When I was in high school there was a girl named Nikki who had not one but two earrings in her lobes. It was foreign and unheard of and I wanted to be like her. I went home and immediately forced a second pair of earrings into my lobes. No ice cubes or potatoes here folks, I just shoved them through. It hurt.
The phenomenon of modern, western body piercing started (I believe) with punk-rock culture and the application of safety pins and other things you could just put through your flesh to freak out "normal" people. I missed the 80s, I was a vegetarian and breast-feeding. Legitimate body piercing was transformed by Fakir years ago. Oh, and pirates, they did it too.
I've been cruising along for a couple of decades, decorating away and not really jumping on the body piercing boat. Just because it's body modification doesn't mean I'm into it. Branding, scarification, ritual cutting (including circumcision) and the implantation of shapes and horns and other things kind of freak me out.
Somewhere along the line ears became fair game, and it was no big deal to see someone with twenty-five earrings in an ear. I remember being sober for just two weeks and having my tongue pierced so that I would have something foreign and slightly painful on the outside of my body to reflect the unseen changes I was going through on the inside.
One after another during the last six and a half years I have had metal installed in various places, and I've come to love it. I don't understand the appeal, and I'm certainly too old to be "discovering myself" the way teenagers do. I am though, coming to recognize the feeling I get in the morning when I'm going to do it again.

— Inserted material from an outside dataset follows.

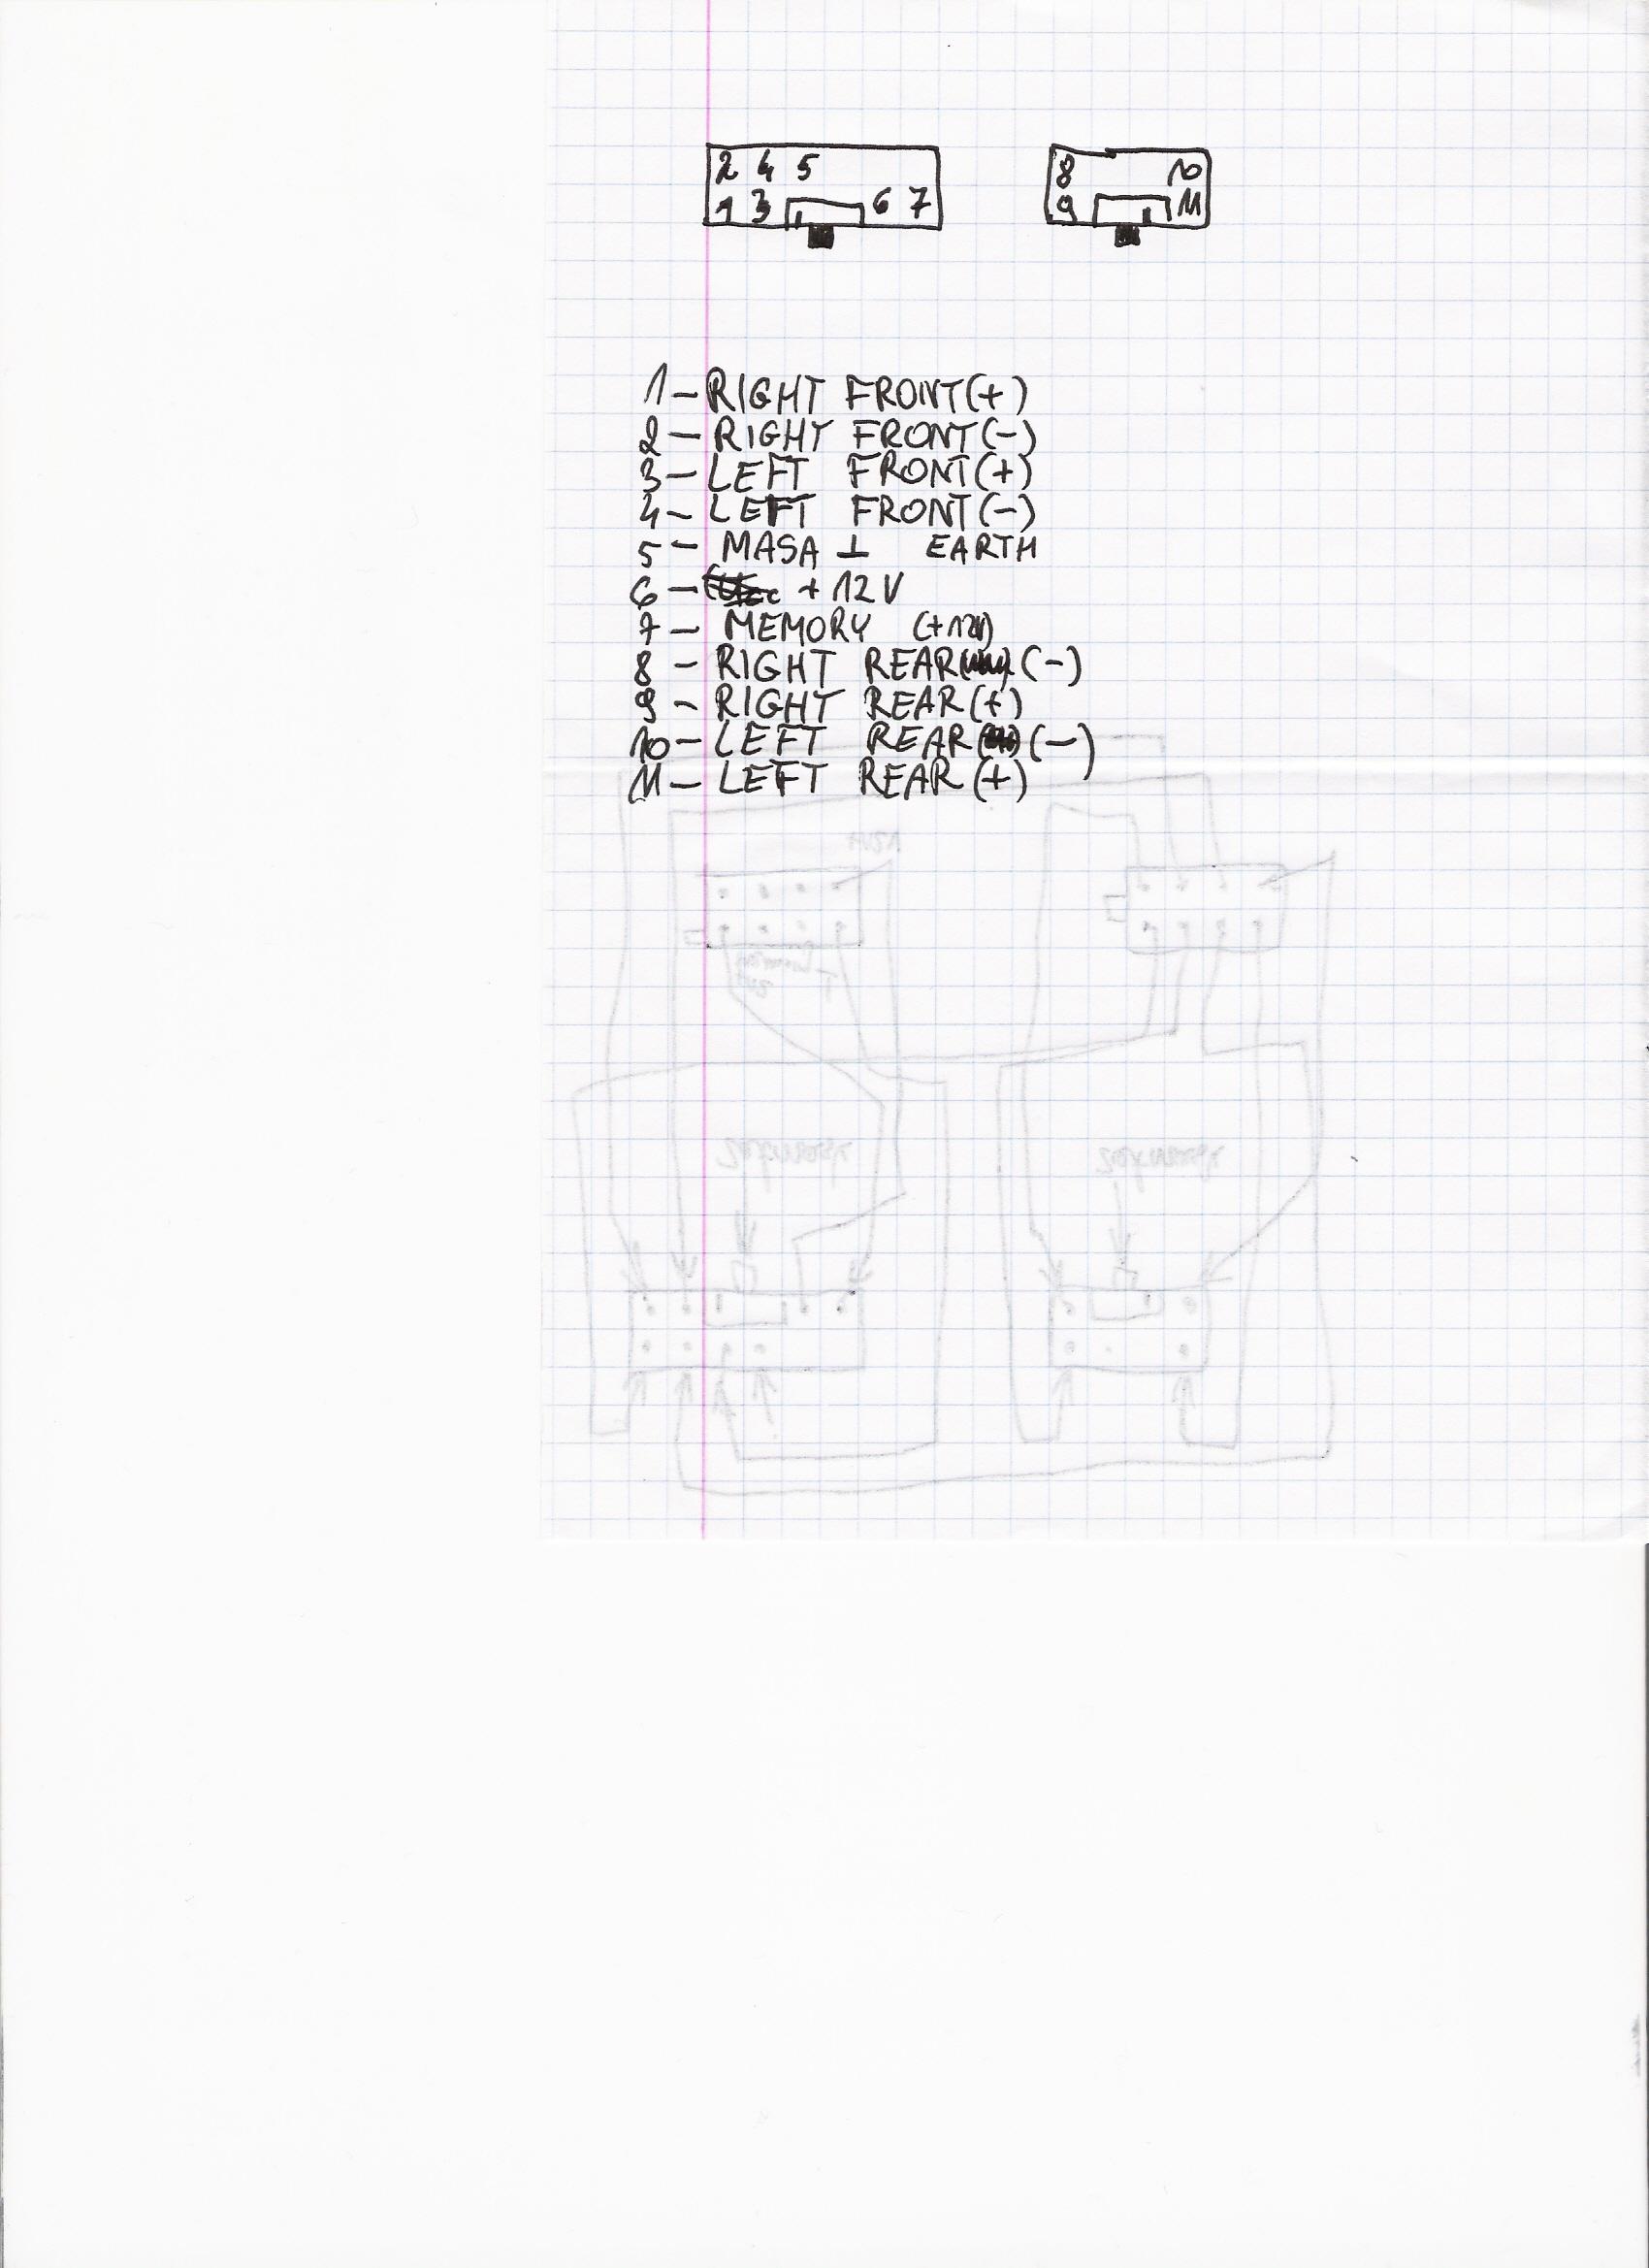 1997 Toyotum Corolla Radio Wiring Diagram Database

It's a searing pain, that part never changes. I go to a zone that accepts and slides between the sensations and leaves me floating above that thing called "ouch" That's how I ended up with a hole in my lip, a Monroe (those are jewels applied where Marilyn and other lucky women have natural beauty marks) two holes in my nose, (my ________ and my _______). I am not stopping for some reason, and I feel like I should know better. Now I have a gem on my inner wrist, anchored by a titanium foot that my flesh will grow into and surround, and one on my cheek. What the hell is up with that?
I feel like a decorator crab, adding pretty shiny bits to my exoskeleton, and like an invulnerable super-hero because slowly but surely I am becoming made of metal.

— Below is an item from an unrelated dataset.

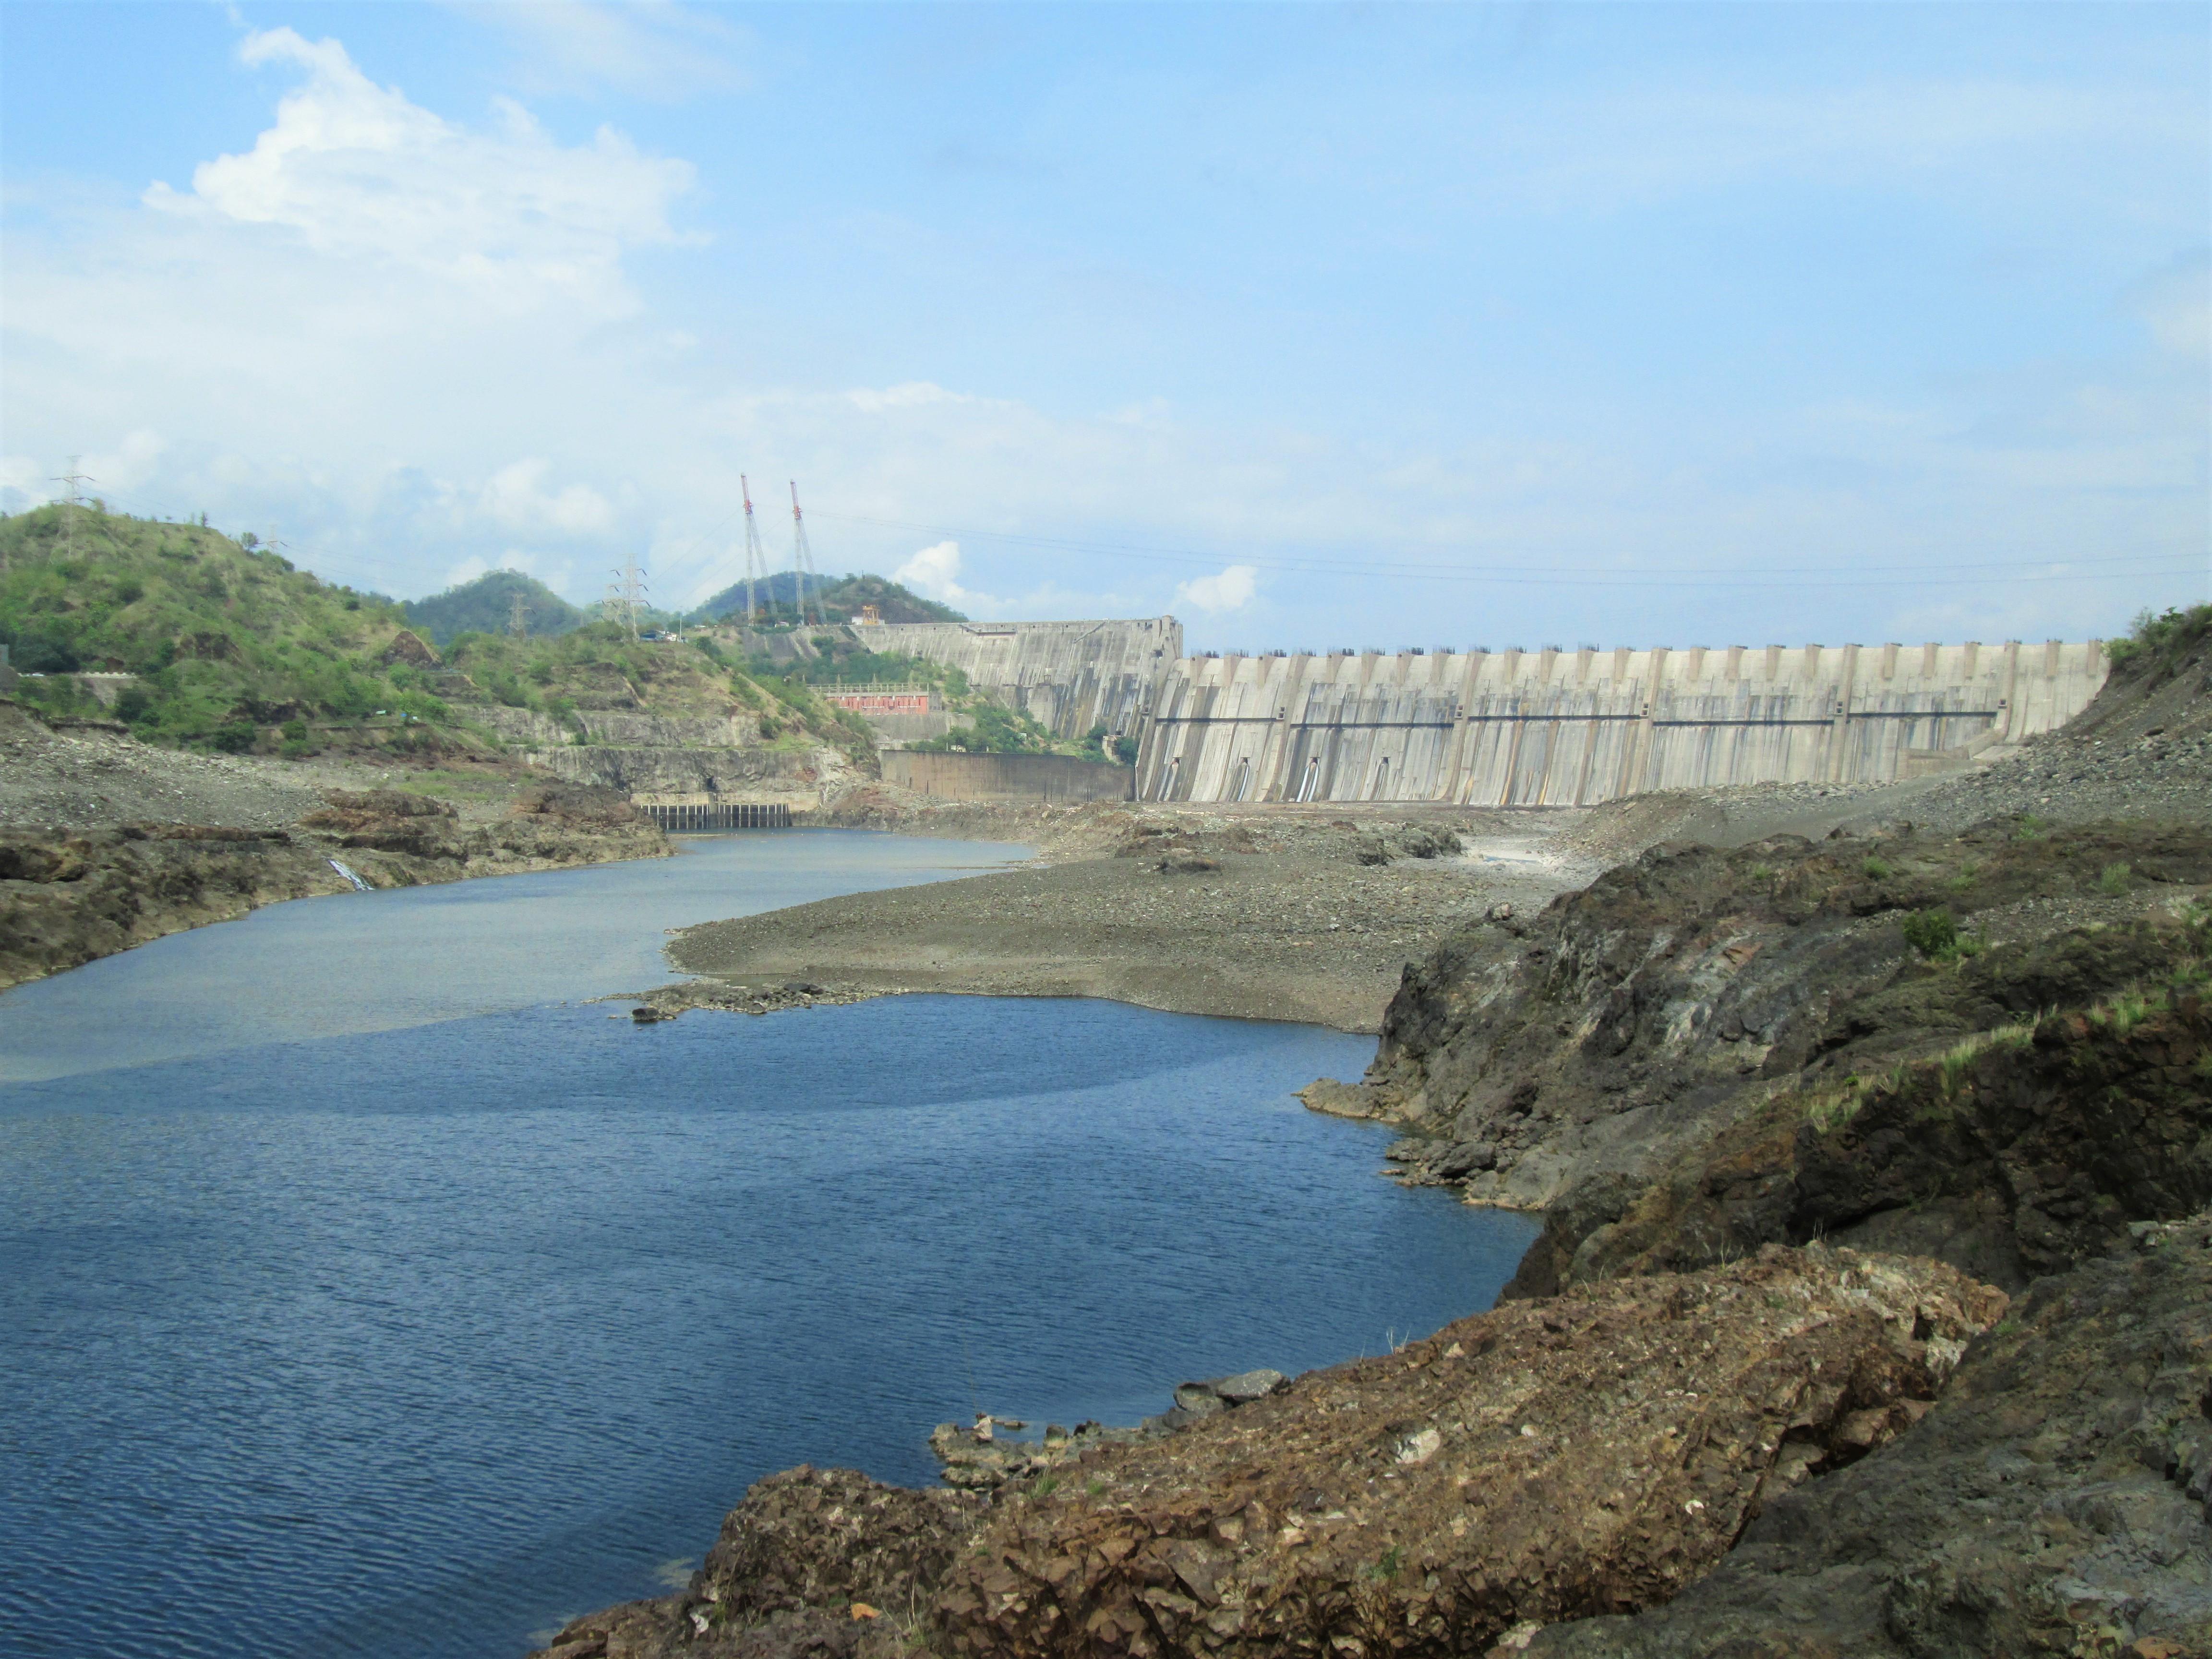 File:Narmada dam on River Narmada.jpg - Wikimedia Commons

Happy Memorial day, enjoy your barbecues and backyard festivities. Remember those who gave everything in conflicts that may have meant nothing at all, but gave it all anyway. Don't drink and drive. Remember that an amazing group of people wrote some documents that others would die to defend, that give us the right to poke as many holes in ourselves as we want and marry who we wish in our "pursuit of happiness." Be kind to those you know, and those you don't.
Don't bite your sandwich into a gun and shoot your brother with it.